John M. Mandrola, MD


November 05, 2022

U.S. experts favor chlorthalidone over hydrochlorothiazide (HCTZ) in the first-line treatment of hypertension. Yet practicing doctors are approximately 20-fold more likely to choose HCTZ over chlorthalidone. 

During the opening late-breaking clinical trials session here at the American Heart Association (AHA) Scientific Sessions 2022 in Chicago, we learned that practicing doctors had it right.

The Diuretic Comparison Project

The Diuretic Comparison Project (DCP) set out to compare cardiovascular outcomes with the two agents in patients treated with hypertension.

One rationale for comparing these drugs in a head-to-head fashion is the tension between what experts recommend for hypertension and what doctors actually prescribe.

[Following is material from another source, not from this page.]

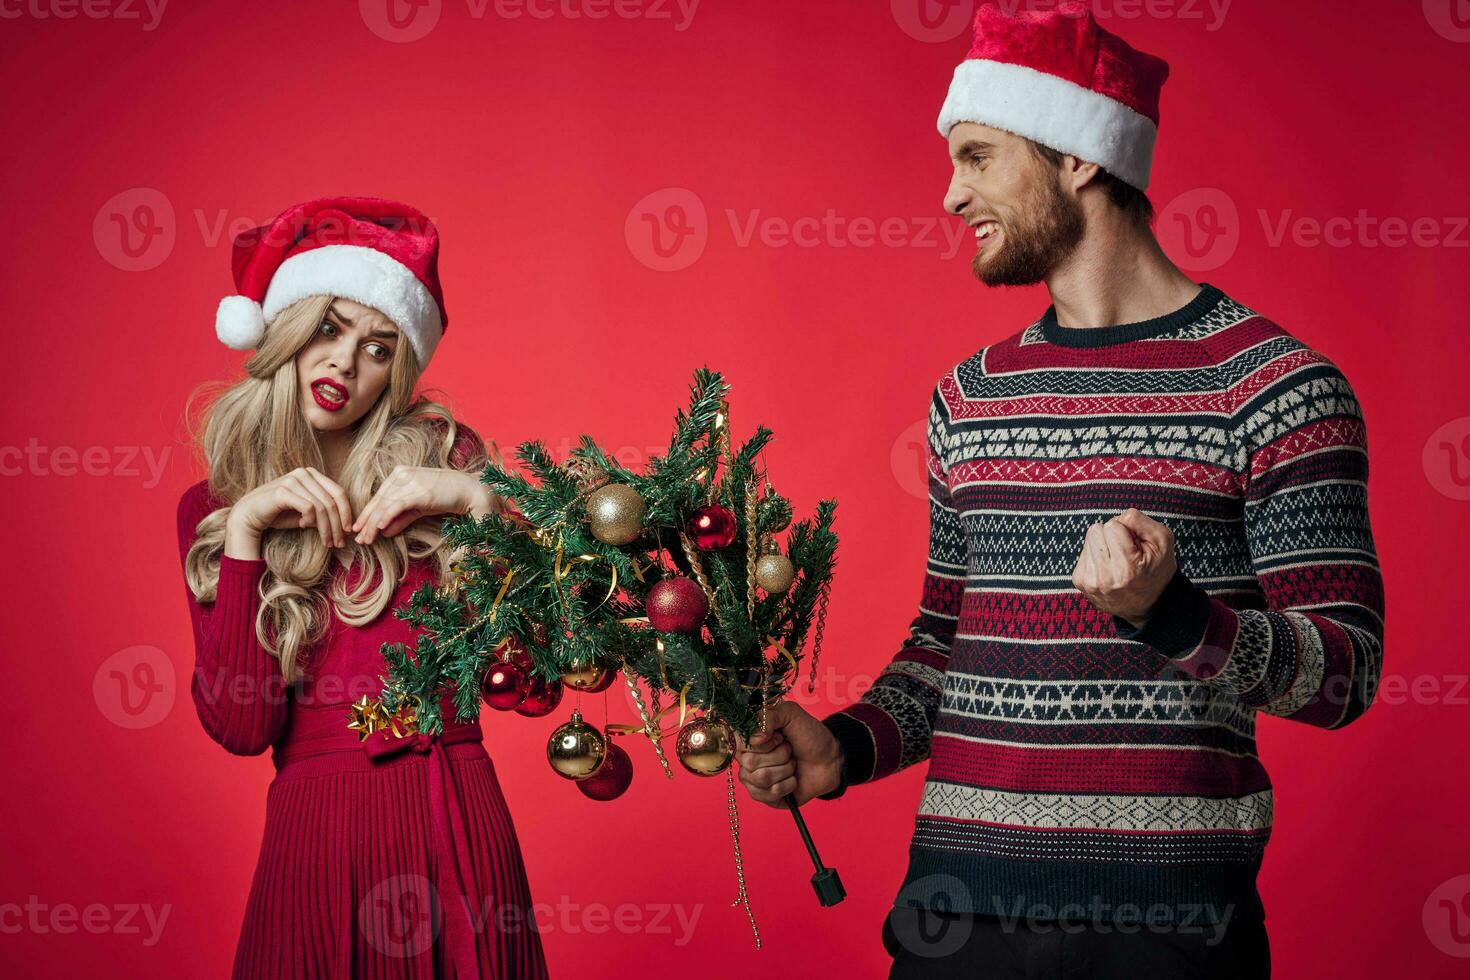 emotional Mann und Frau Weihnachten Urlaub Geschenke rot Hintergrund foto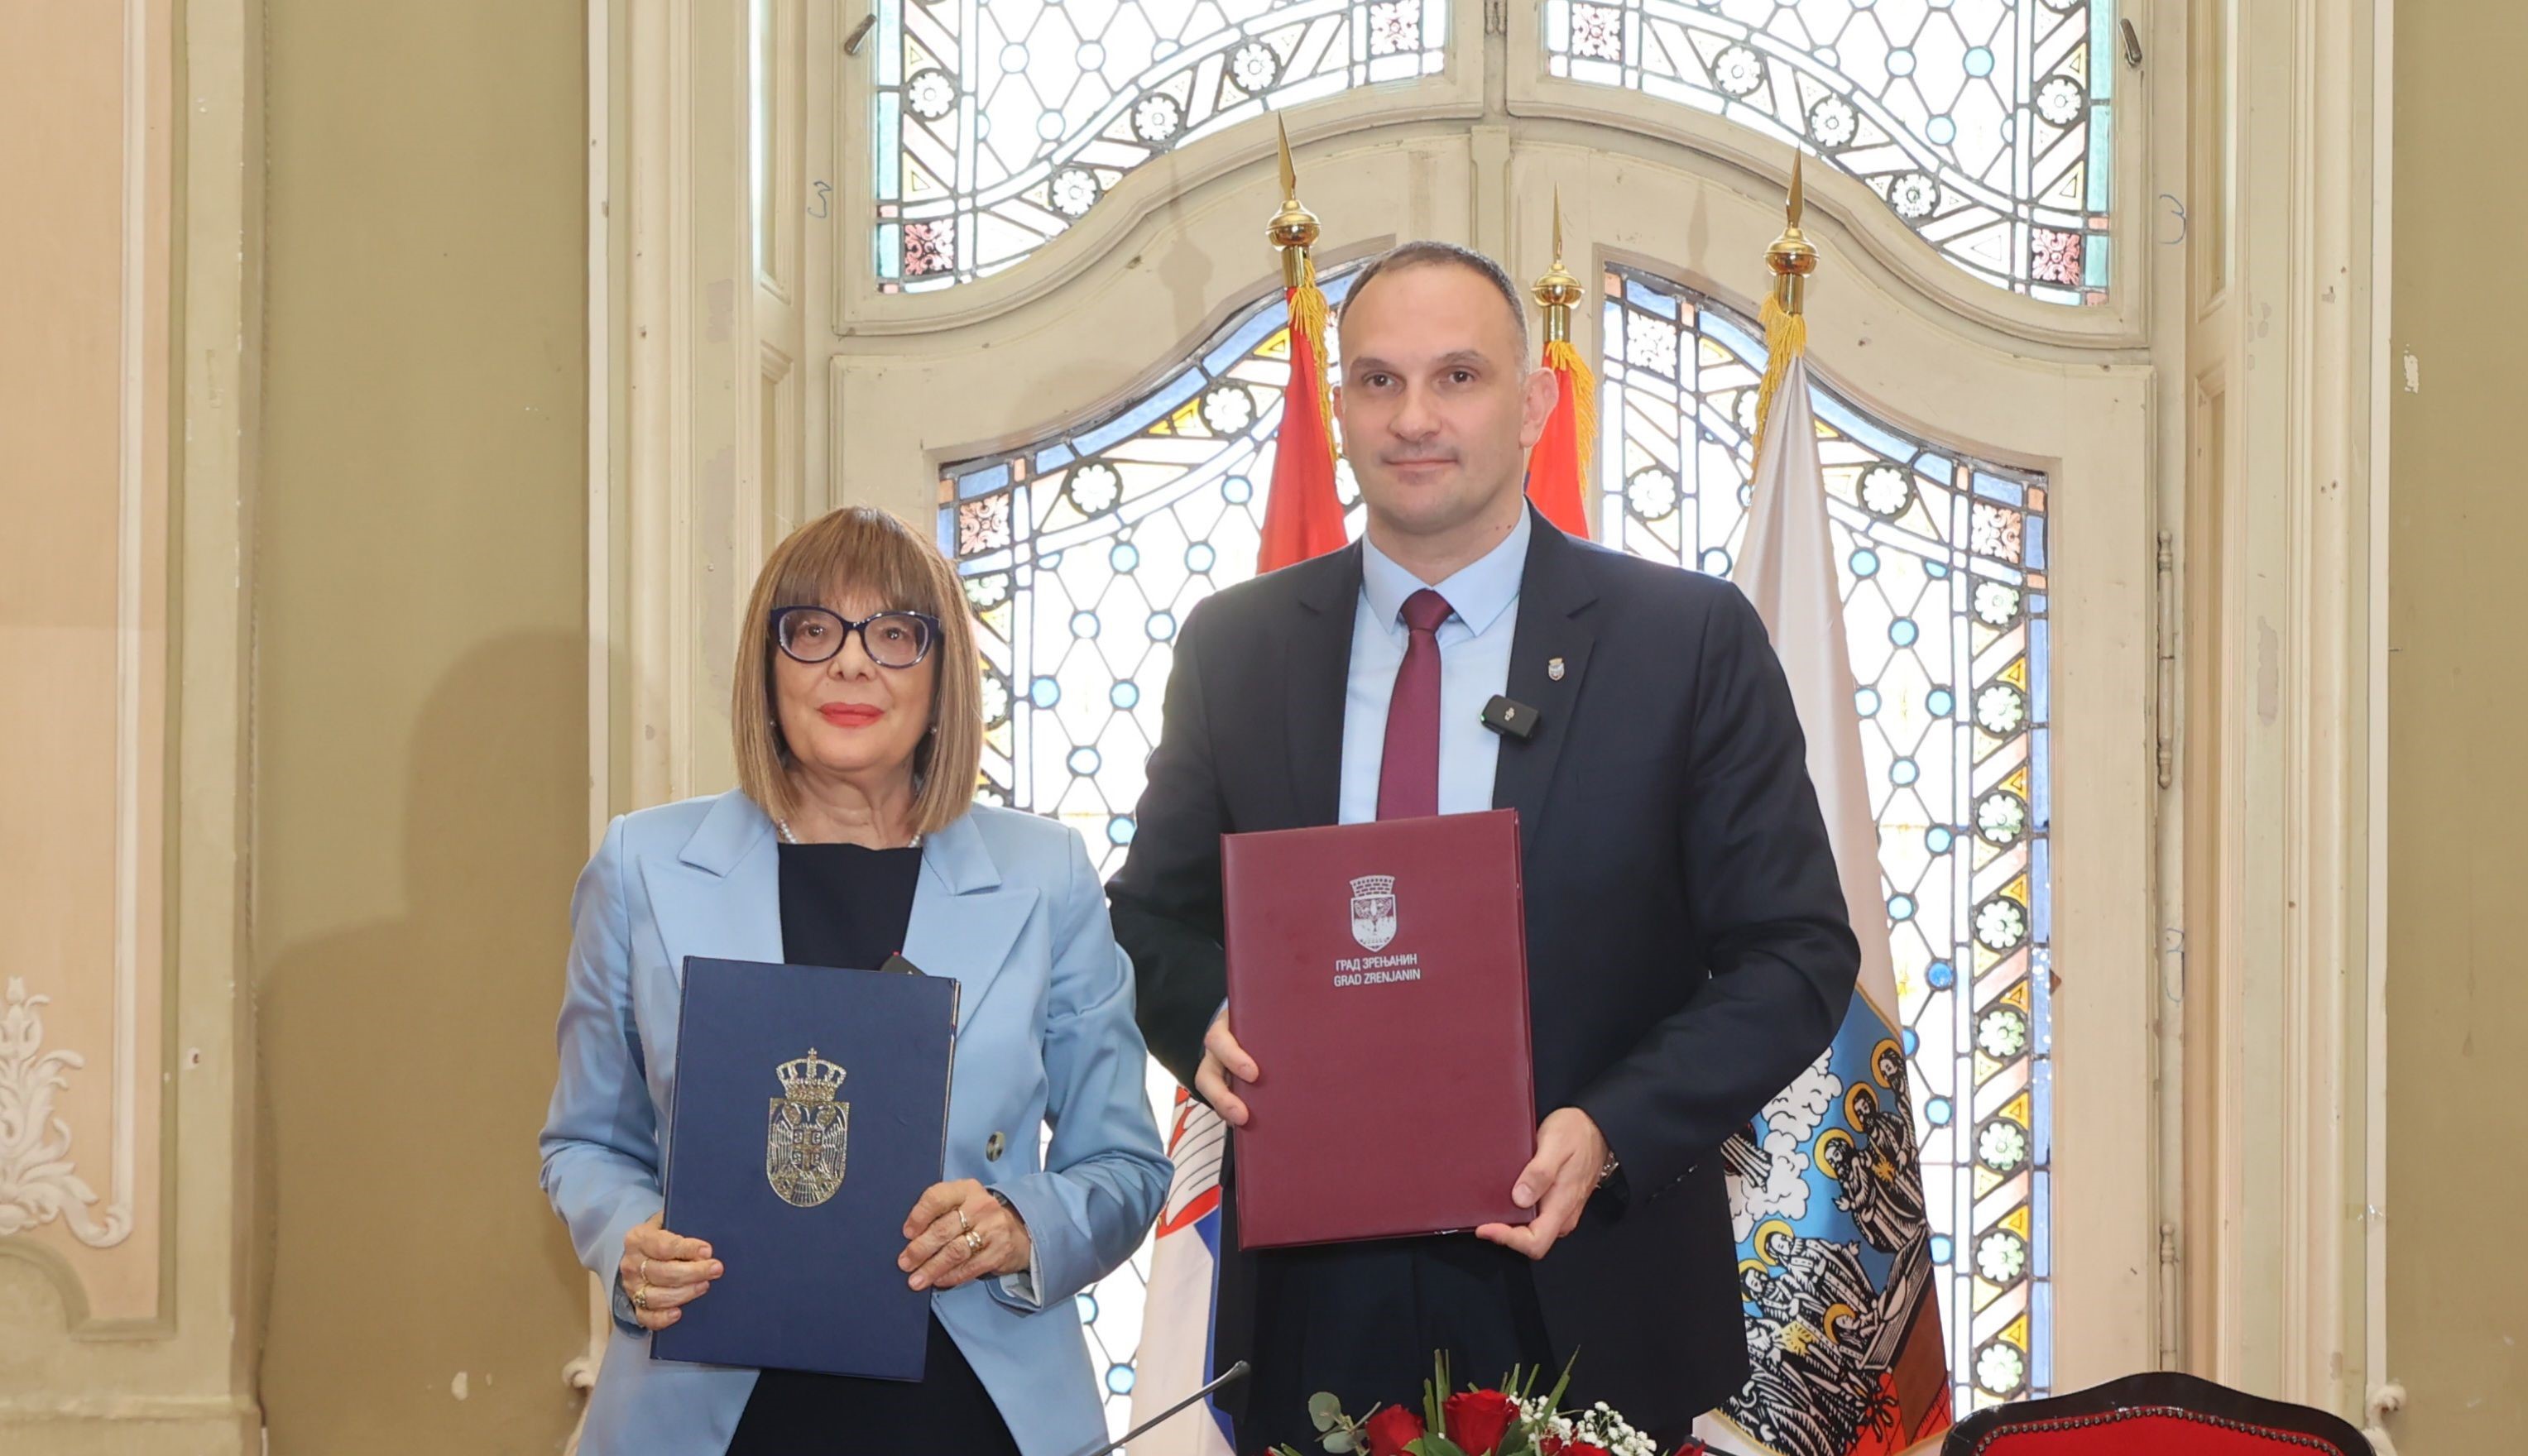 Potpisan Ugovor za ppojekat Zrenjanin – Prestonica kulture Srbije 2025. godine

A more important one is that even a small difference in outcomes in a condition as common as hypertension would be a big finding.

The U.S. experts cite three main reasons for favoring chlorthalidone: it was the drug used in the seminal outcomes trials of hypertension; some (but not all) observational studies and meta-analyses favor chlorthalidone over HCTZ, and chlorthalidone has a longer half-life and may have favorable pleiotropic effects. (The European Society of Cardiology guidelines don't make a distinction between the two agents.)

Randomizing in the EHR

DCP is not your normal randomized controlled trial (RCT). Primary investigator Areef Ishani, MD, and colleagues in the Veterans Administration (VA) system used a centralized process that was embedded within standard care.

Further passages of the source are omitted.